Hillary's Petards: Prediction--If they settle the writer's strike, it could be bad for Hillary because Jay Leno will make Huma jokes! (Remember: Huma = comedy gold.) It certainly seems much more likely that the Huma innuendo would make it into the mainstream via late-night monologues than via investigative reporting. [Won't it make it into the mainstream by bloggers discussing how it might make it into the mainstream?--ed Don't think that trick will work. The blog/bloodstream barrier seems too robust. The late-night-joke/bloodstream barrier isn't. And remember, that ate night rabbit-hole into voter consciousness is not a byproduct of blogging. As far as I can see, it's a byproduct of the Gennifer Flowers and Monica Lewinsky scandals, which appear to have convinced Leno, Letterman, et. al. that if they didn't joke about Clinton's rumored sex life they'd look like fools and would miss out on some good material. (And if they did, it's not like they'd be sued for libel.) This is one way Hillary is hoist on her husband's petard, Huma-wise.
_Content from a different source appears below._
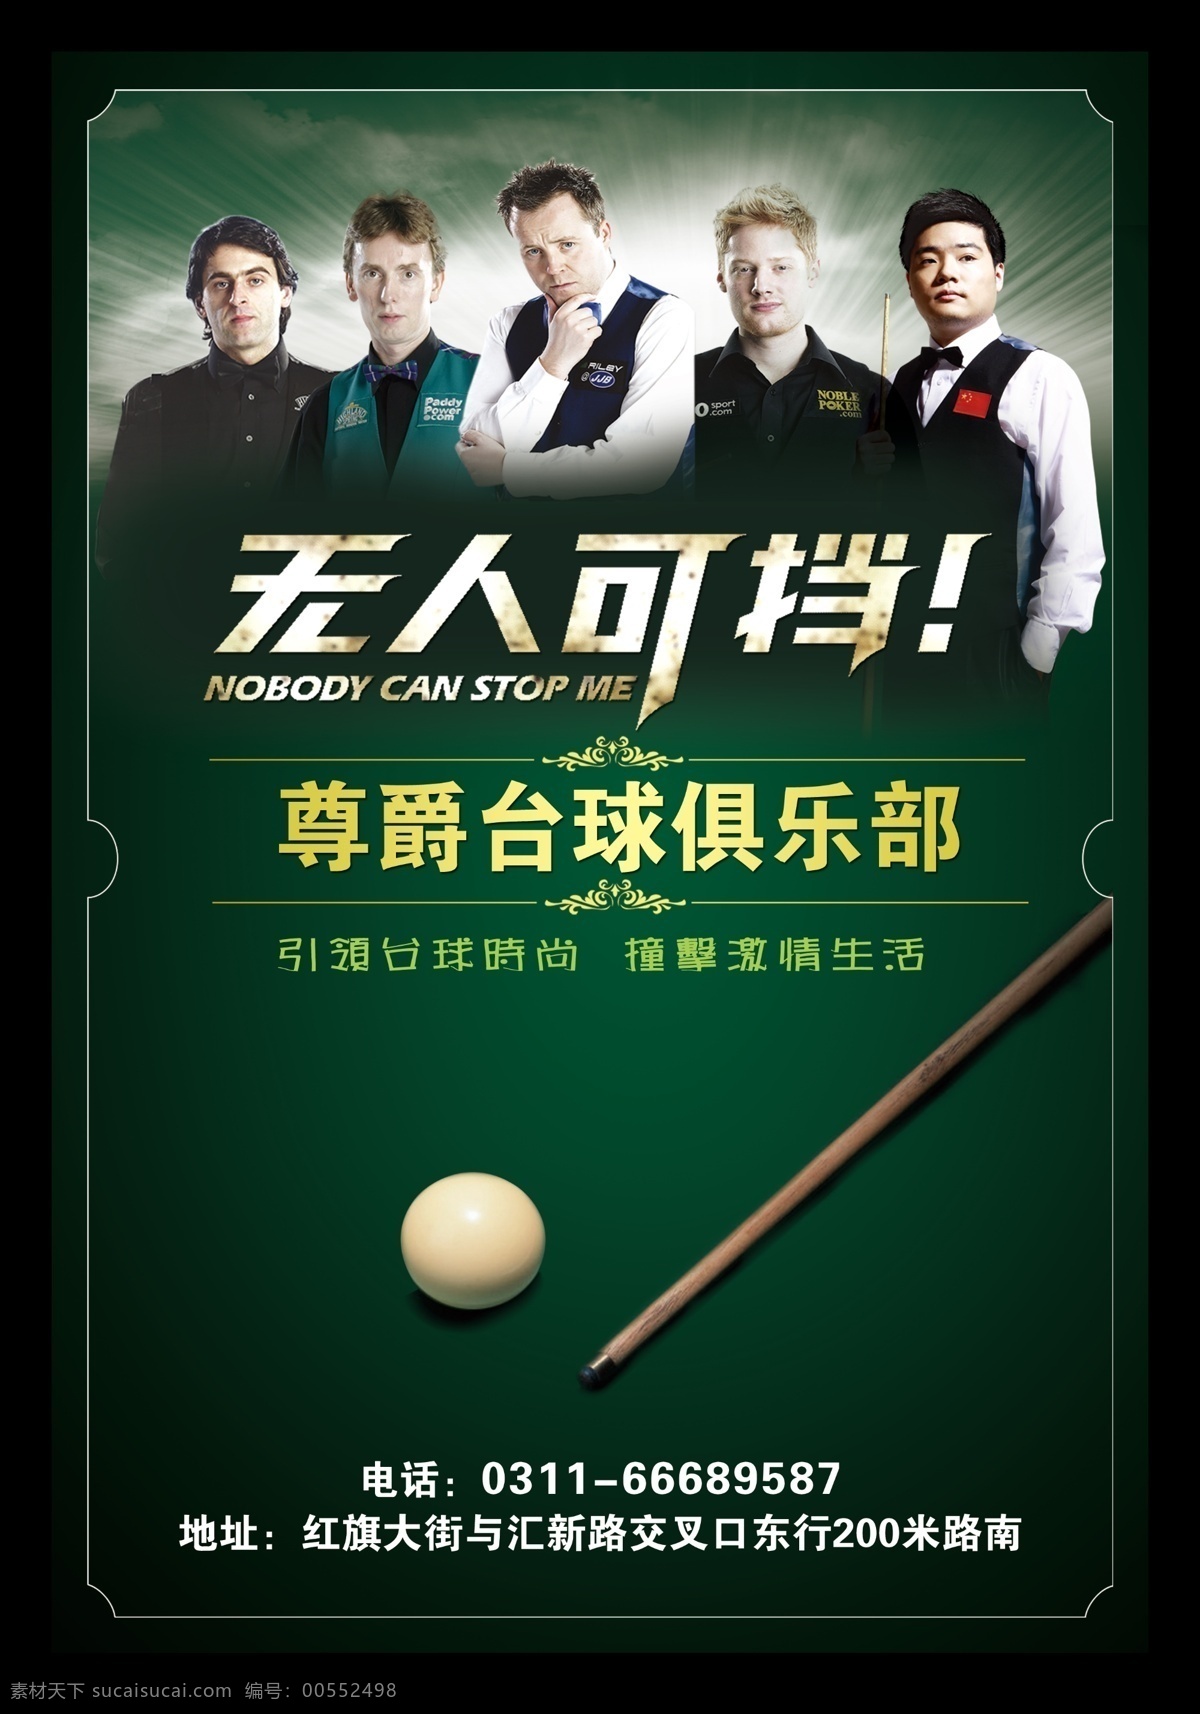 尊爵 台球 俱乐部 桌球 桌球俱乐部 台球海报设计 桌球无人可挡 国内广告设计 广告设计模板 源文件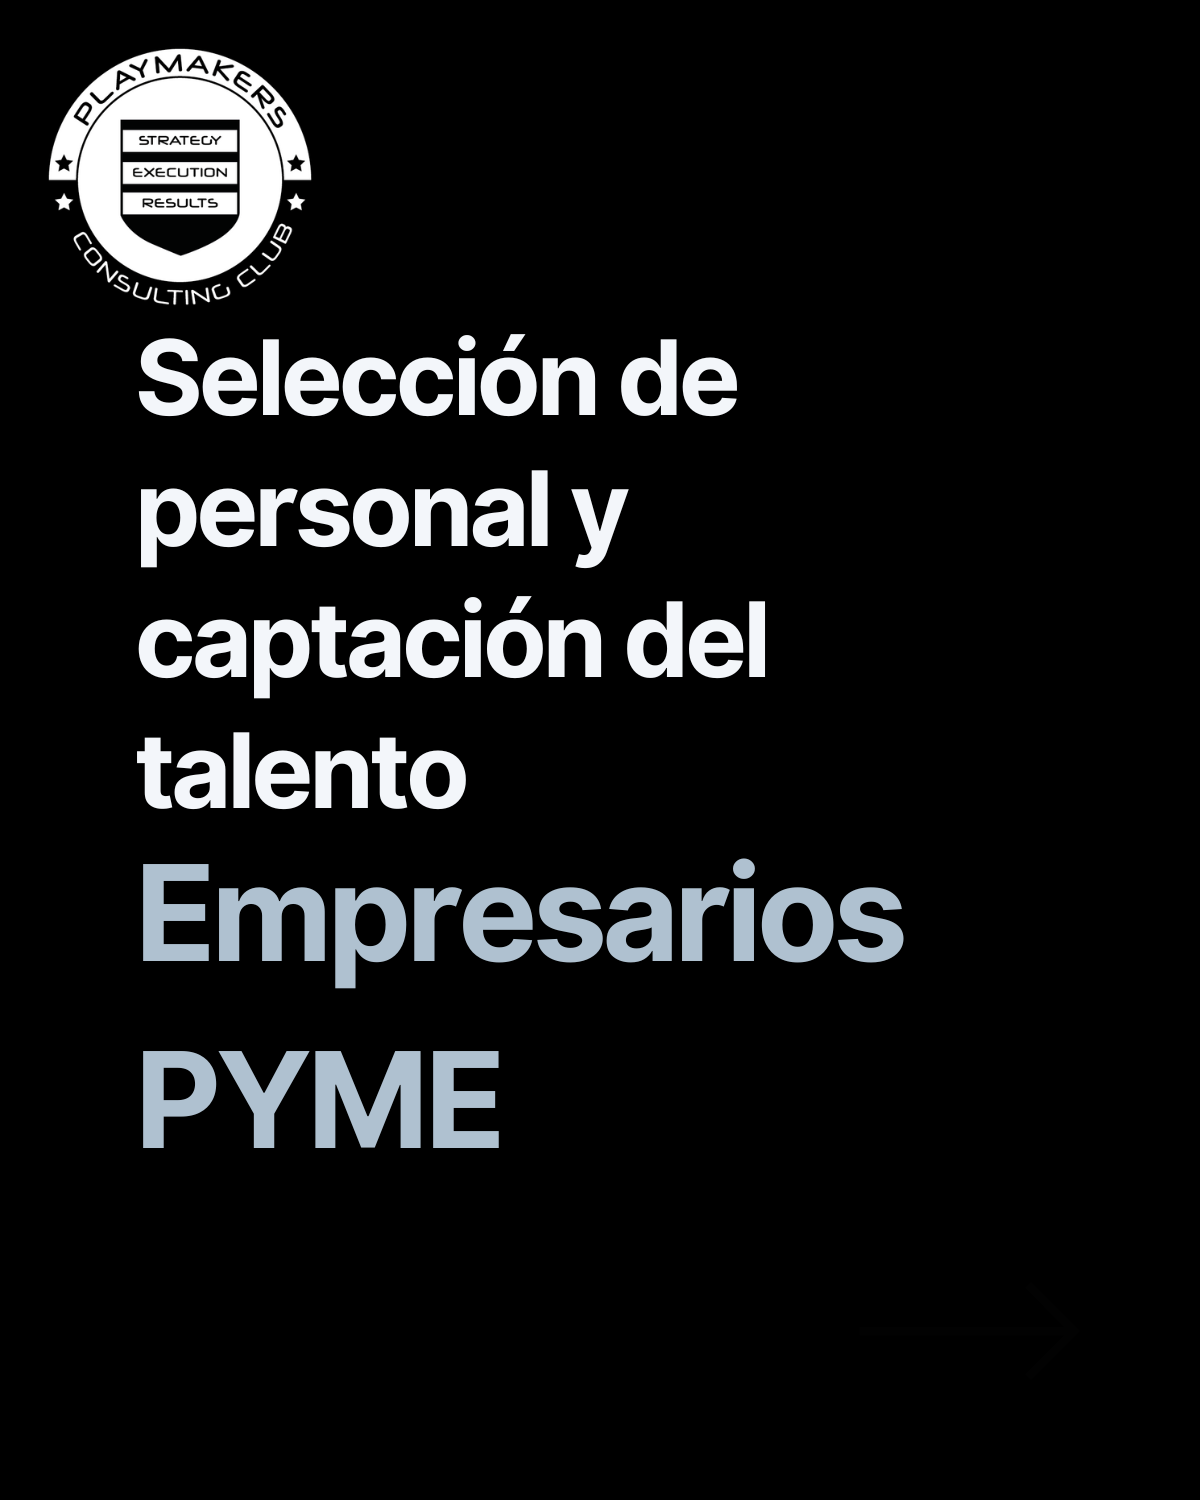 Selección de personal y captación del talento para empresarios pyme en España

But there's another petard. Let's assume what is likely to be the case--that the Huma rumor is a) unprovable if true and b) un-disprovable if untrue. Under the old rules that means it would never be proved and would probably never surface. If it did surface --say because it was the subject of vicious campaign push-polling--a simple denial by both parties and it would be semi-officially "false." In the new Webby post-Lewinsky world it's more likely to surface, which makes the subsequent denial all the more important. Contrary to popular belief, it's not impossible to issue a denial so convincing that even gossip-addicted bloggers drop a juicy  rumor. (Here's an example.) The trouble for Hillary is that when it comes to sex rumors she and her husband (unlike, say, John Edwards and his wife) have no credibility. They threw that away when the philandering charges they righteously denounced in 1992 and 1998 turned out to be basically true. 11:58 P.M.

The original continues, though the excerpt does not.